## YOUR OBJECTIVE
Within the lines below, the span from the line with "Navigatie AUTONAV Android" to the line with "CORRESPONDENCIA III 16 B LEIBNIZ COMARES", both ends included, is to be reproduced exactly, with pictures omitted.

## DATA TO PROCESS
BEGIN
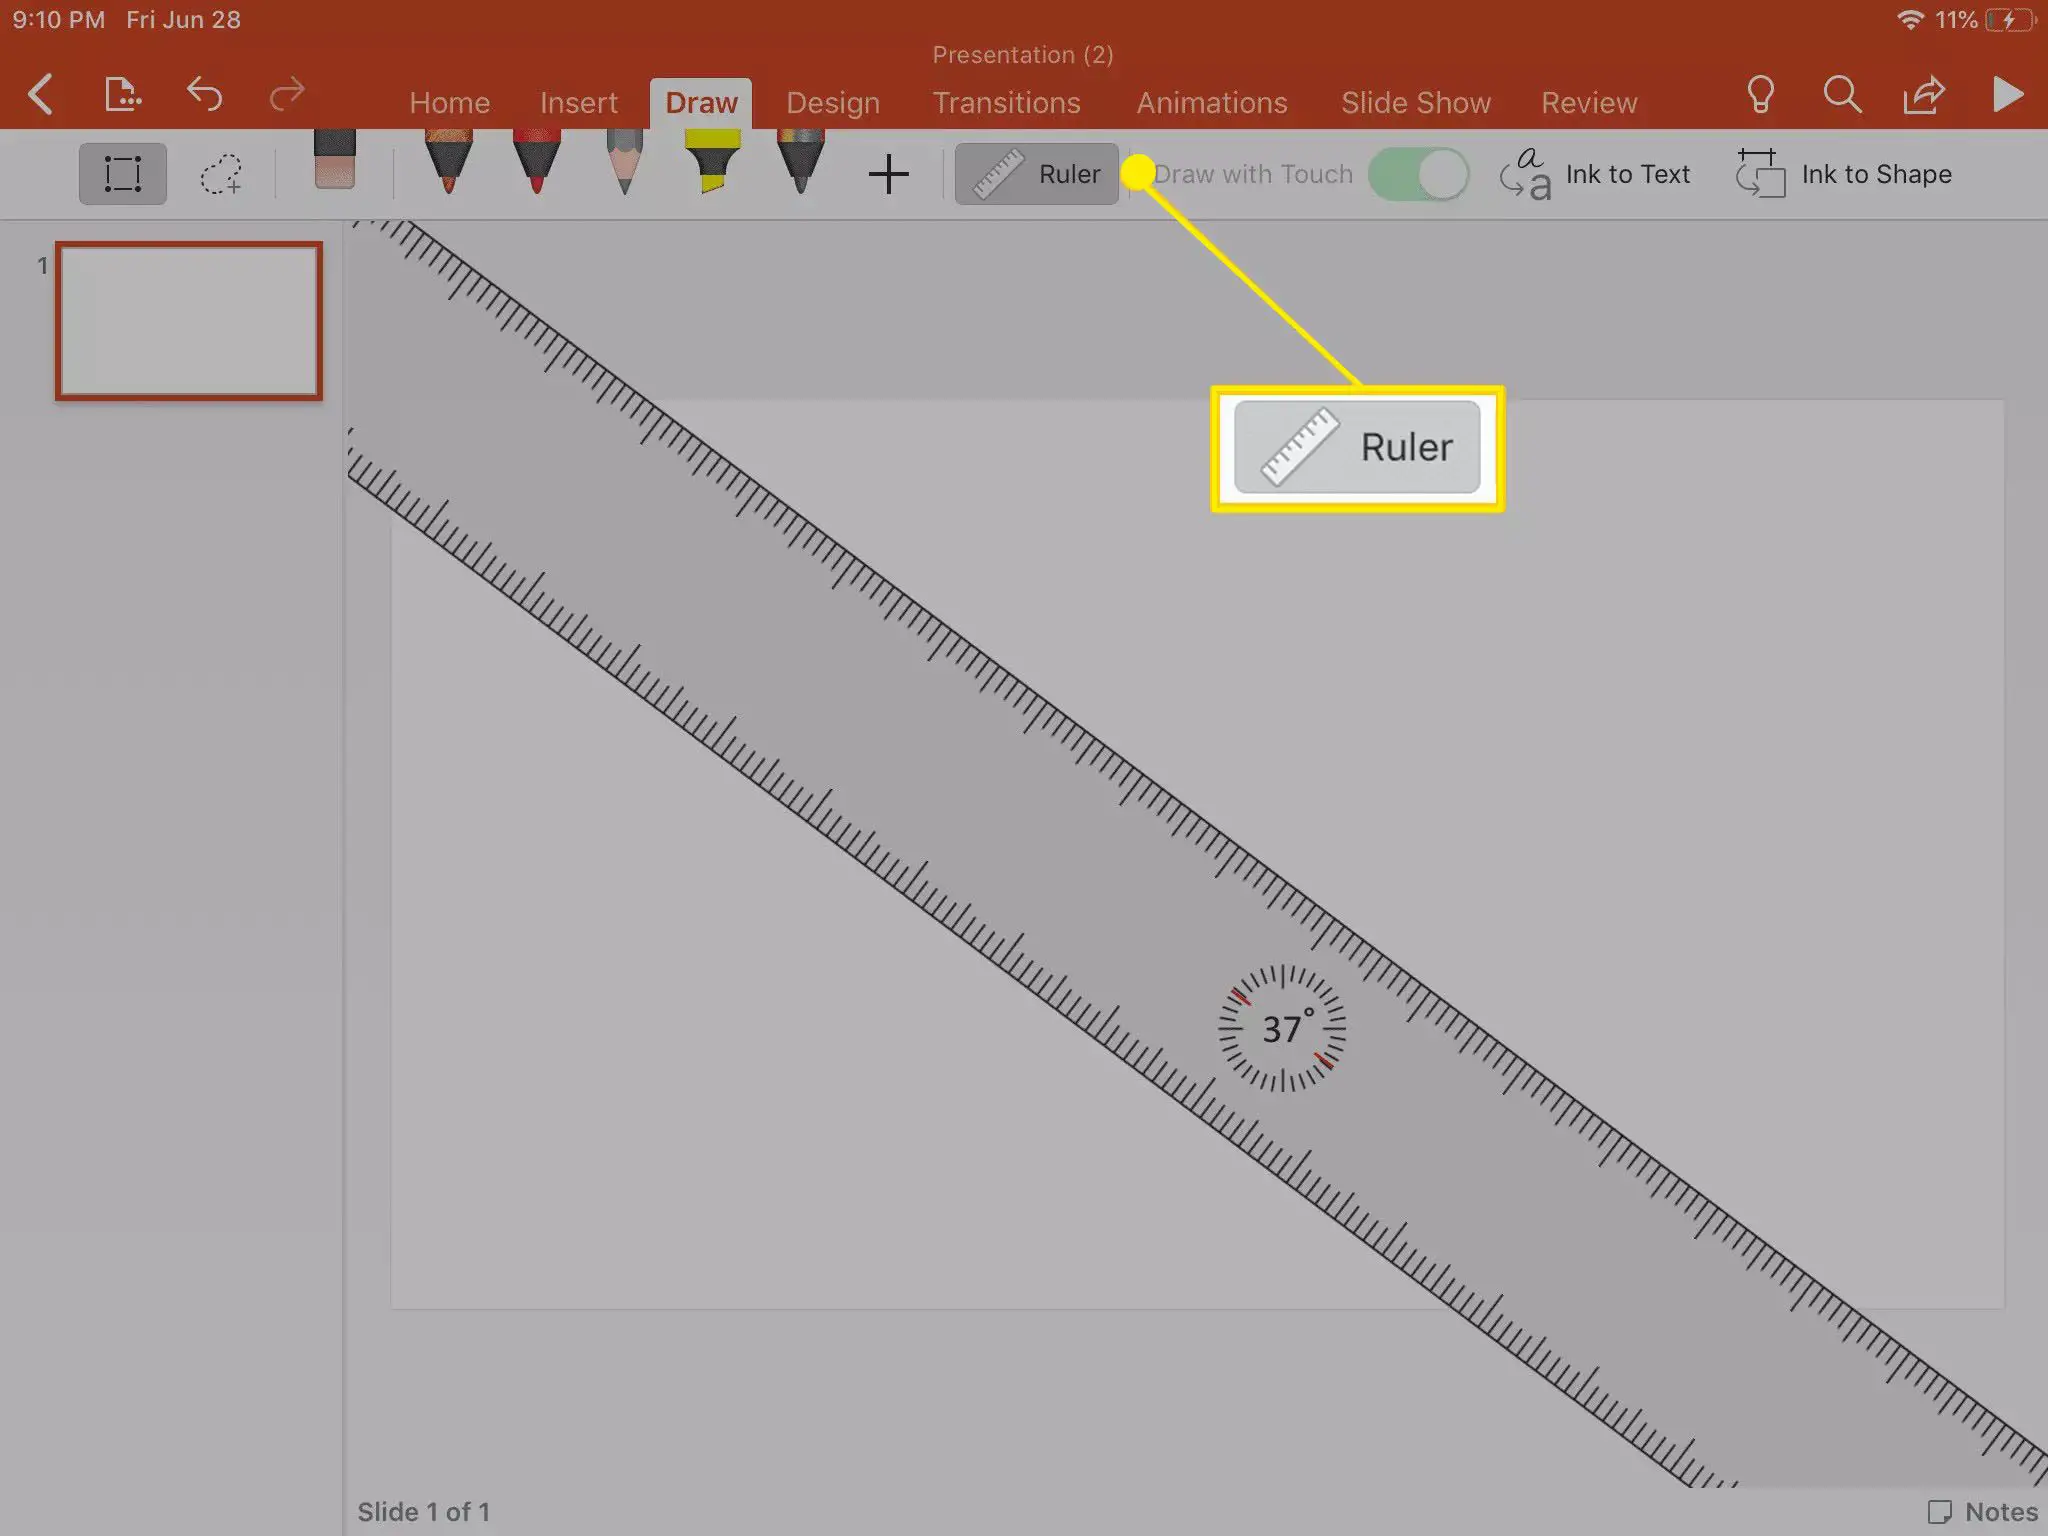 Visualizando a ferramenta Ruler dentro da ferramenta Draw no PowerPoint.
END
BEGIN
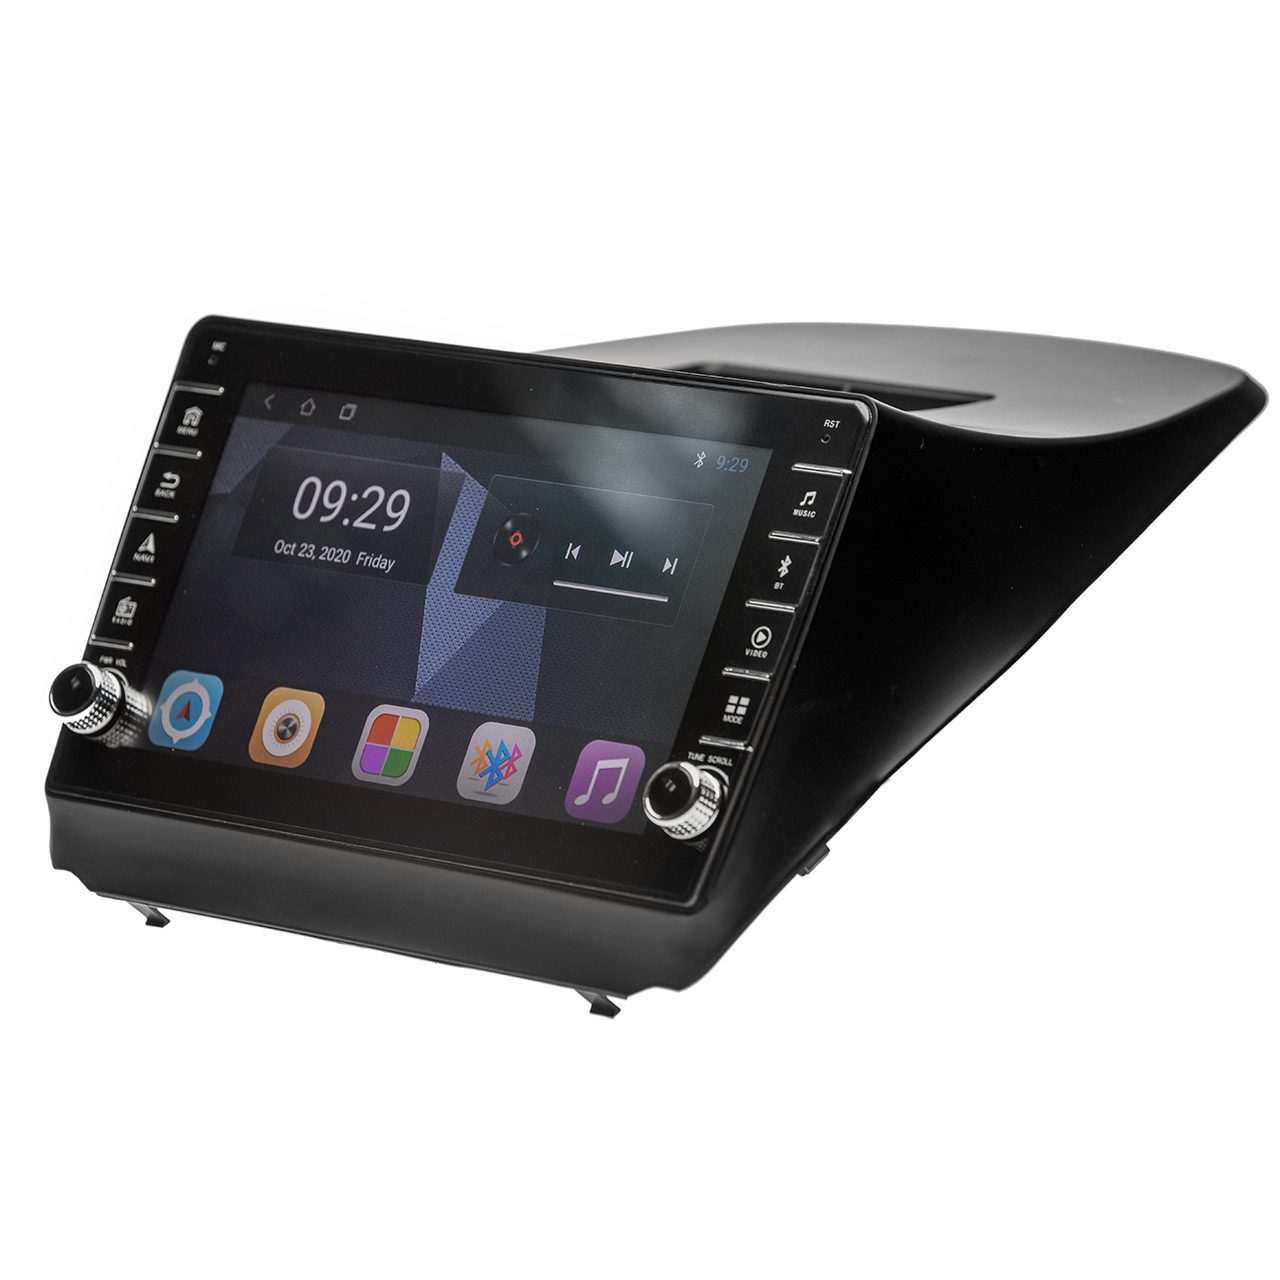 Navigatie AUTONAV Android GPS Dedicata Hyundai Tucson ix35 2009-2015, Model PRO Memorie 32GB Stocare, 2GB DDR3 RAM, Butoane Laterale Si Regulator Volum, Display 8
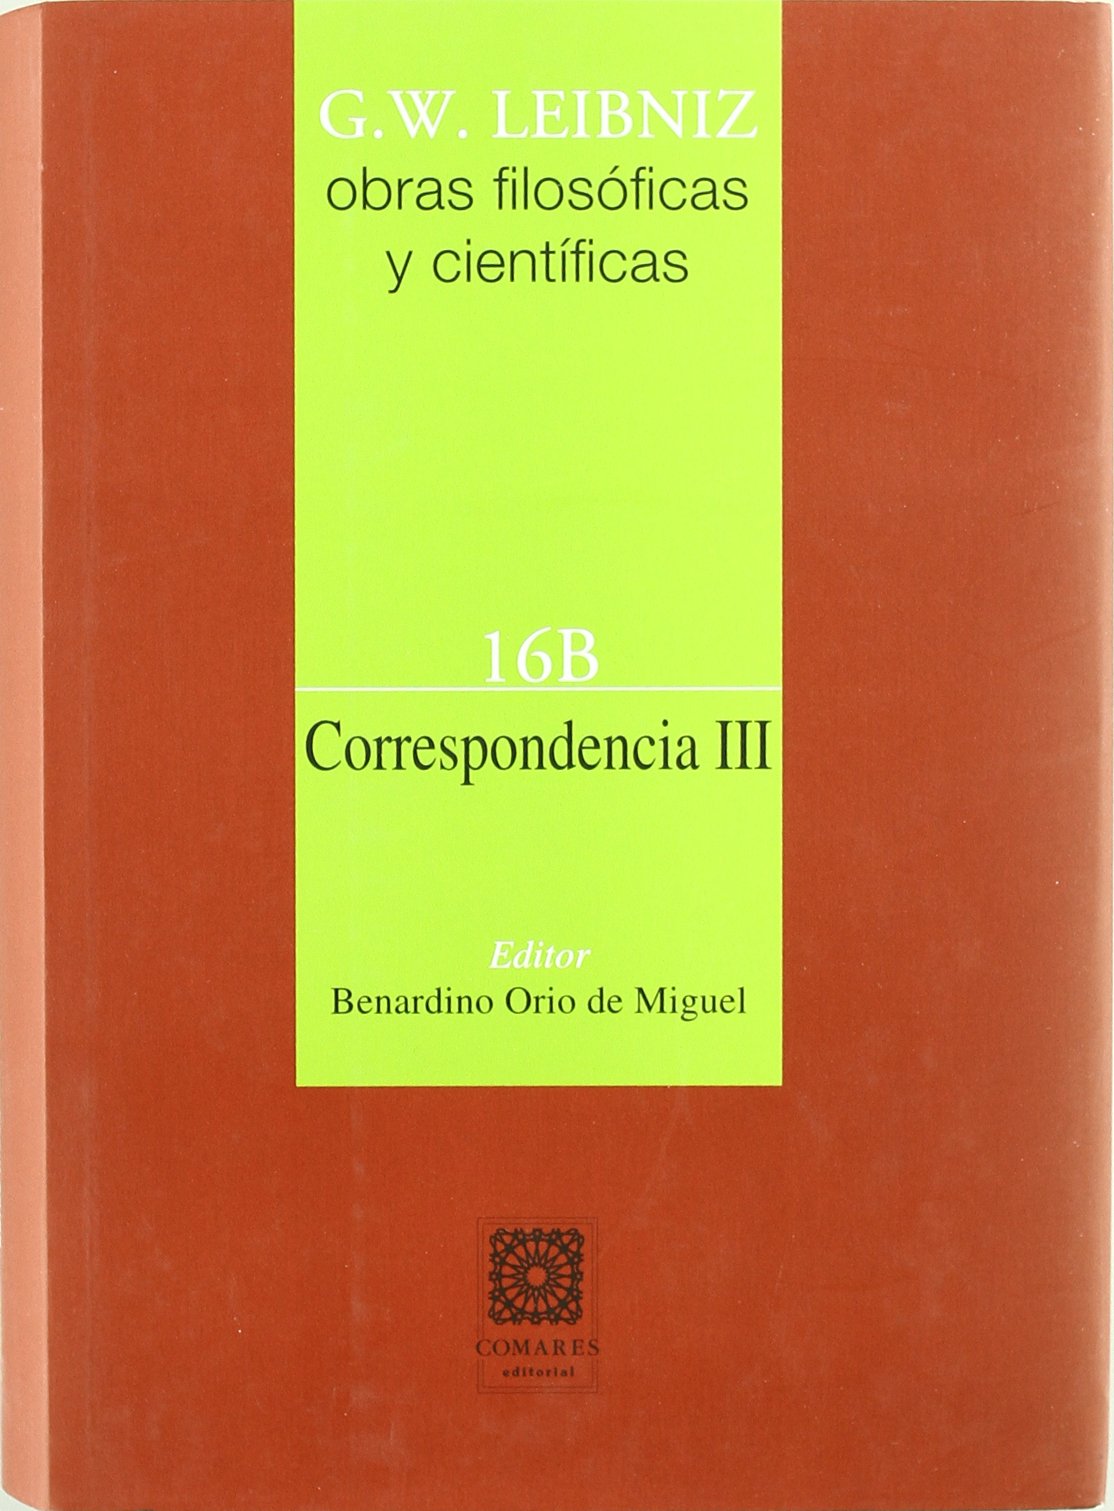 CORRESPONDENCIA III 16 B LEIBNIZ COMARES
END
## PROBLEM SOLUTION
 Navigatie AUTONAV Android GPS Dedicata Hyundai Tucson ix35 2009-2015, Model PRO Memorie 32GB Stocare, 2GB DDR3 RAM, Butoane Laterale Si Regulator Volum, Display 8
 CORRESPONDENCIA III 16 B LEIBNIZ COMARES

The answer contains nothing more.